◆ **WORK REQUEST**: From the first line to the last, give the material again exactly, without the images.
---------- DATASET EXCERPT
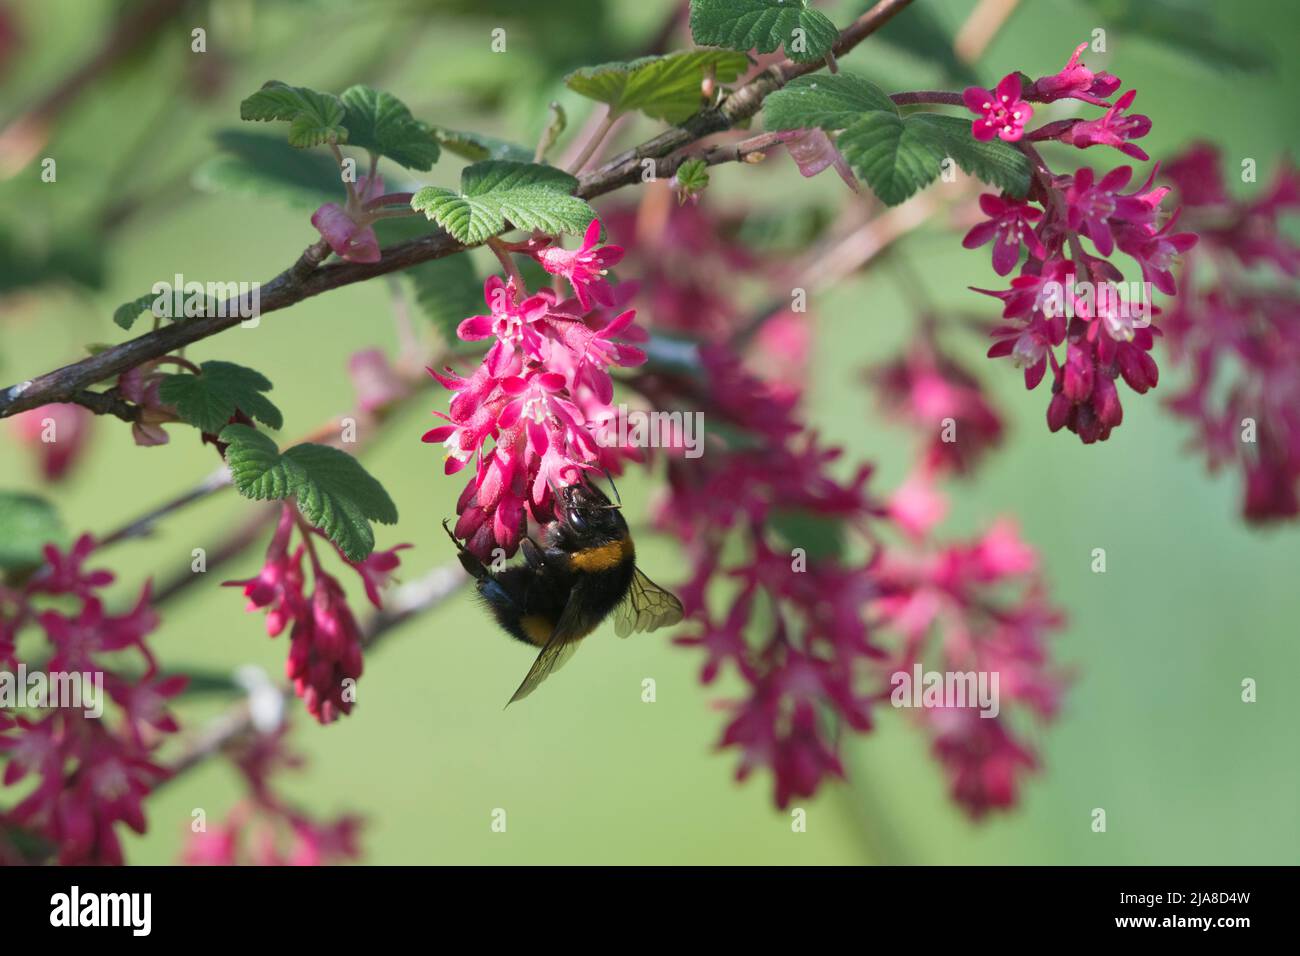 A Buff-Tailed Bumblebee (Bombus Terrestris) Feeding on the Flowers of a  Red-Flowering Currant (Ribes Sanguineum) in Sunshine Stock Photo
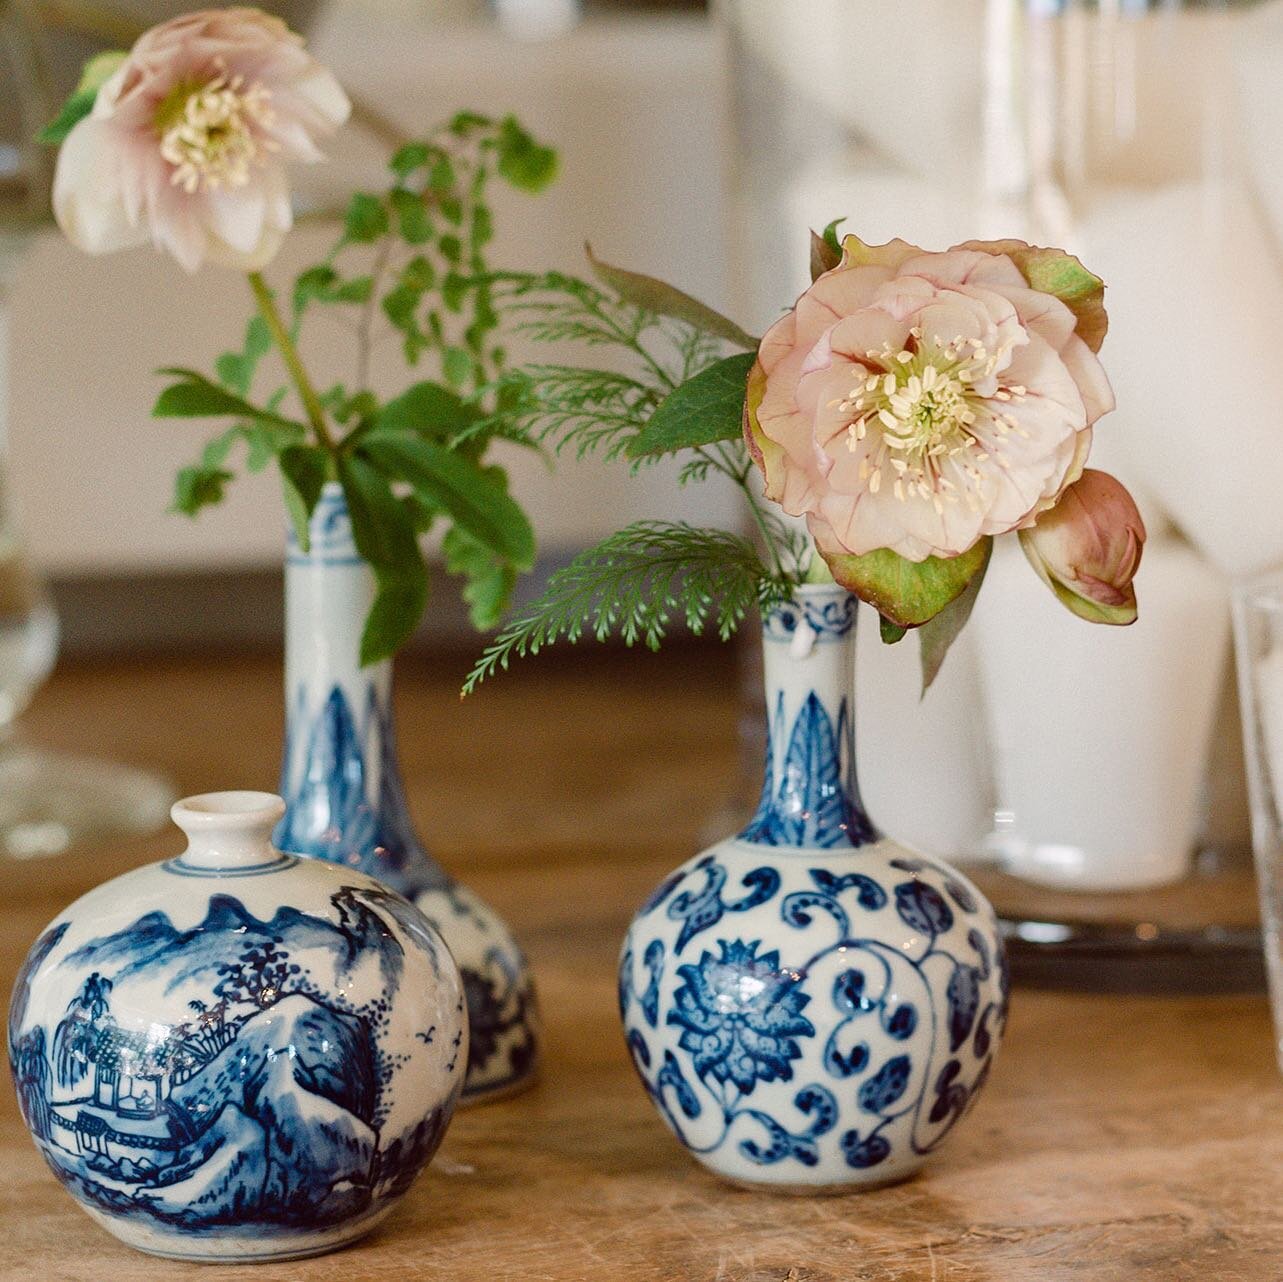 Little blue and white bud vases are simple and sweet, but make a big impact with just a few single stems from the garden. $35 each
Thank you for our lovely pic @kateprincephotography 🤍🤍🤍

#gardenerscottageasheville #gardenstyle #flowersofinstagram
--------------------
◆ **TASK OUTPUT**:
 A Buff-Tailed Bumblebee (Bombus Terrestris) Feeding on the Flowers of a  Red-Flowering Currant (Ribes Sanguineum) in Sunshine Stock Photo
 Little blue and white bud vases are simple and sweet, but make a big impact with just a few single stems from the garden. $35 each
Thank you for our lovely pic @kateprincephotography 🤍🤍🤍

#gardenerscottageasheville #gardenstyle #flowersofinstagram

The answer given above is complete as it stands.